The session covers how Azure Storage powers AI inference at scale, with an emphasis on:

Securely bringing enterprise data to AI models
Accelerating AI workloads with high-performance storage
Reducing GPU idle time via faster model loading and optimized data access
Integrating Azure Storage with Microsoft and open-source AI frameworks
Enabling scalable, agent-based (agentic) applications

Topics and chapters

Introduction to Azure Storage for AI workloads

High-level framing of storage needs for AI inference at scale

Storage for AI and AI for Storage

Overview of how storage supports AI workloads, and how AI can be applied to storage scenarios

Azure Storage integration across the AI stack and infrastructure

How Azure Storage fits into AI infrastructure and the broader AI stack

Azure Storage clients and tools for AI workloads

Discussion of storage clients and tooling used to connect AI workloads to Azure Storage

Paths to run AI workloads with storage

The presenters outline common execution environments where Azure Storage is used:

Azure AI Foundry
Azure Kubernetes Service (AKS)
Infrastructure-as-a-Service (IaaS)

Storage requirements for agentic inference

Storage considerations for agent-based inference scenarios and the roles storage plays in those architectures

Inference optimization through prompt caching

Prompt caching as a technique to improve inference performance and reduce repeated work

Explicit caching with Azure Blob and NIXL (demo)
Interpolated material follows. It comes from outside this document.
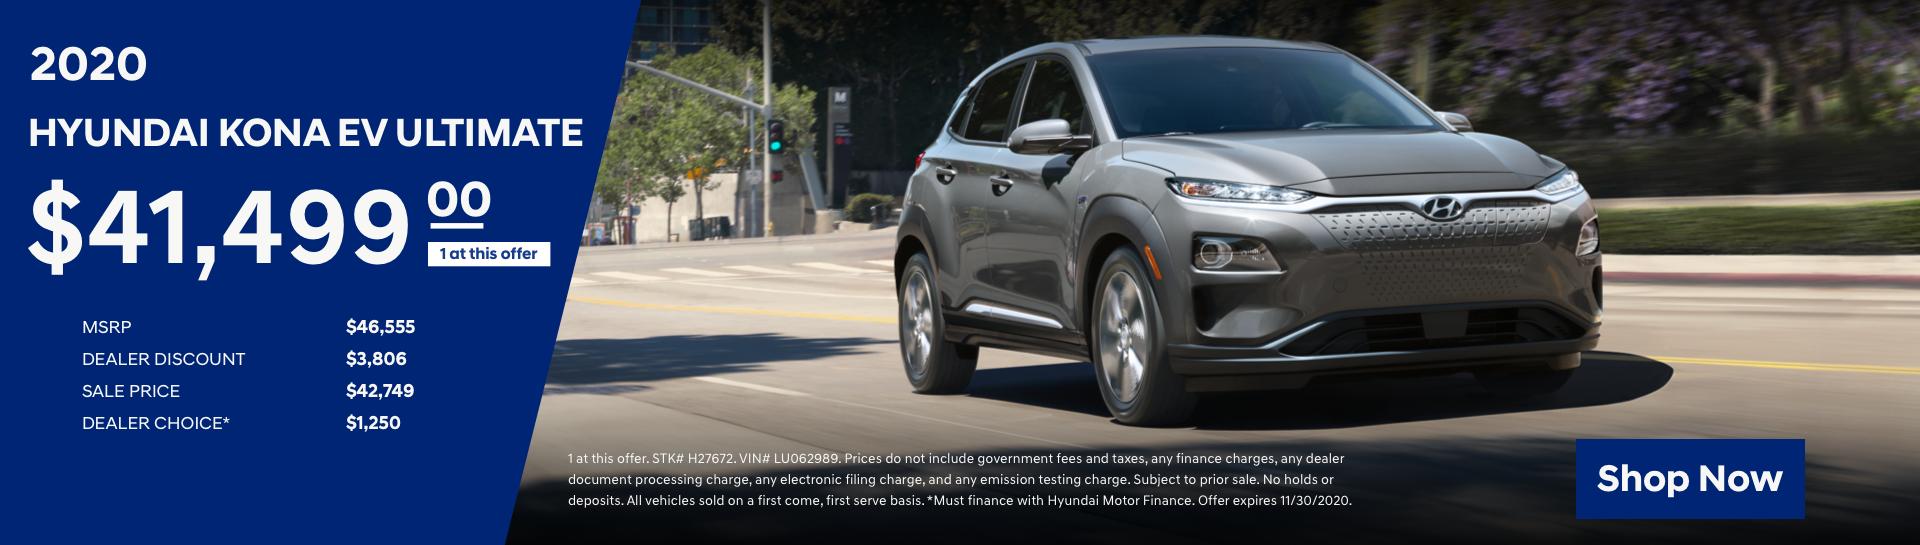 2020 Hyundai Kona EV Purchase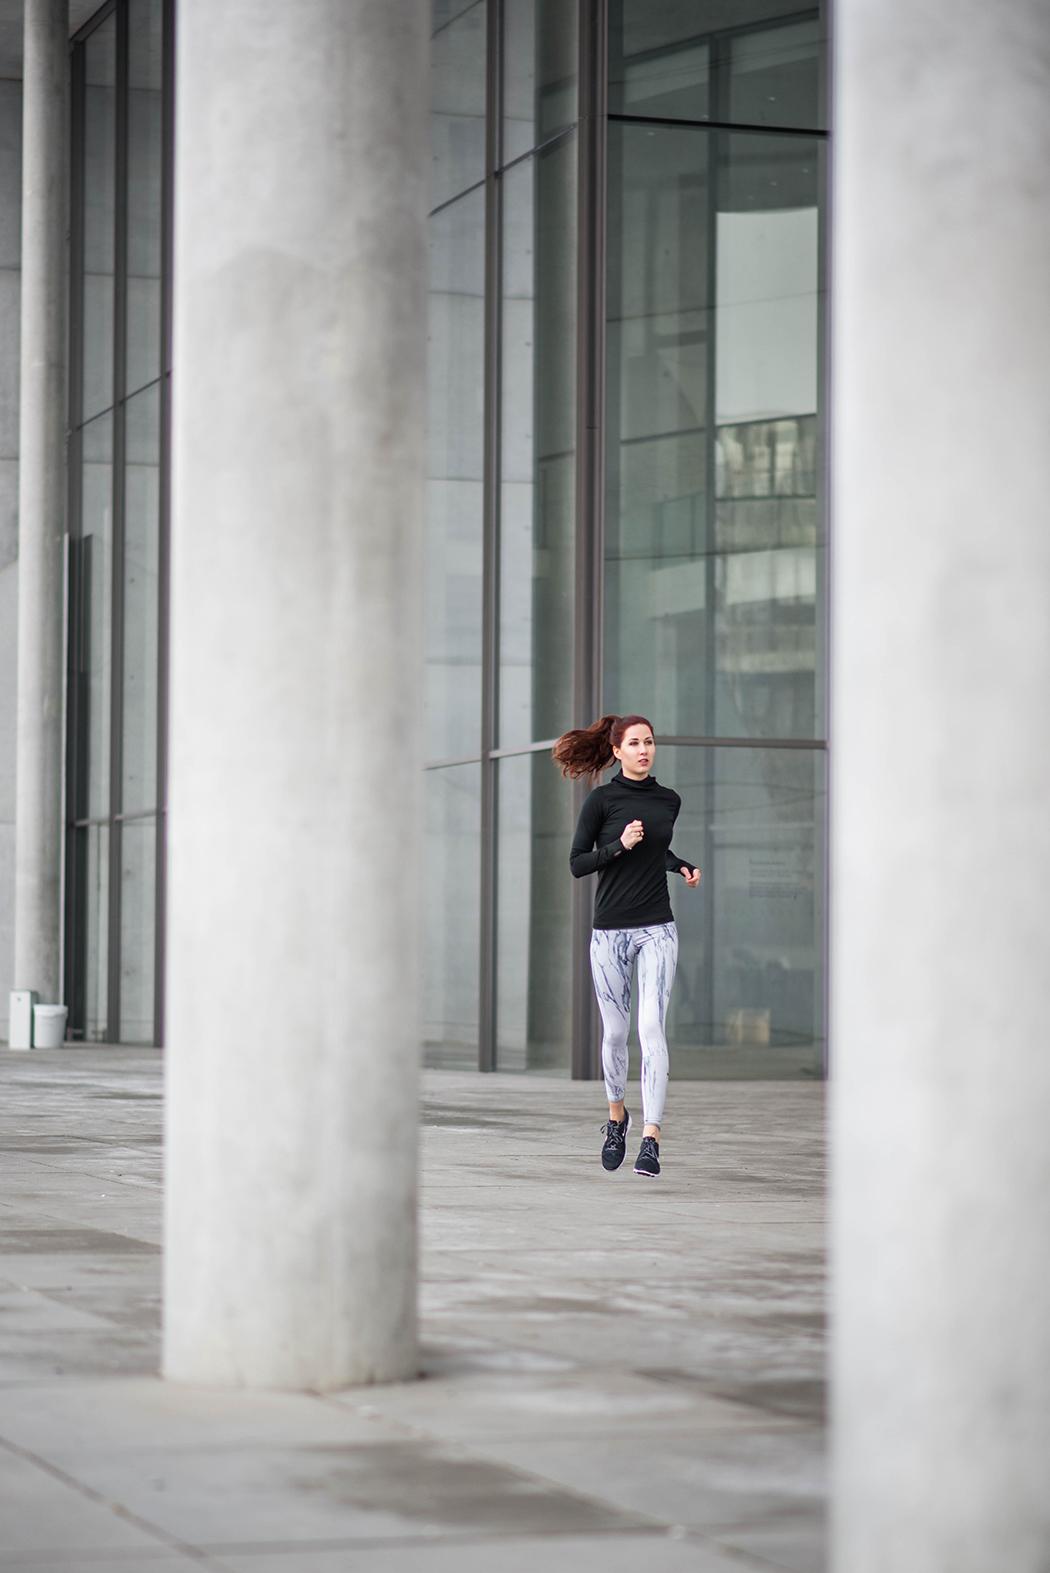 StellaMcCartney-Adidas-Fitness-Fitnessblogger-Deutschland-München-Lindarella-Sportblog-Trainingsplan-Engelhorn-1

A demo showing explicit caching using Azure Blob Storage
NIXL integration is referenced as part of the caching approach

Fast model loading and distribution

Approaches to reduce model load time and improve distribution efficiency
Run:AI Streamer and a distributed cache are referenced in this segment

Bringing enterprise data to AI via Azure integrations

Azure integrations for connecting enterprise data to AI workflows
Foundry IQ is referenced in the context of these integrations

Storage Center and recap

Introduction of Storage Center
Session recap of the main performance and scalability themes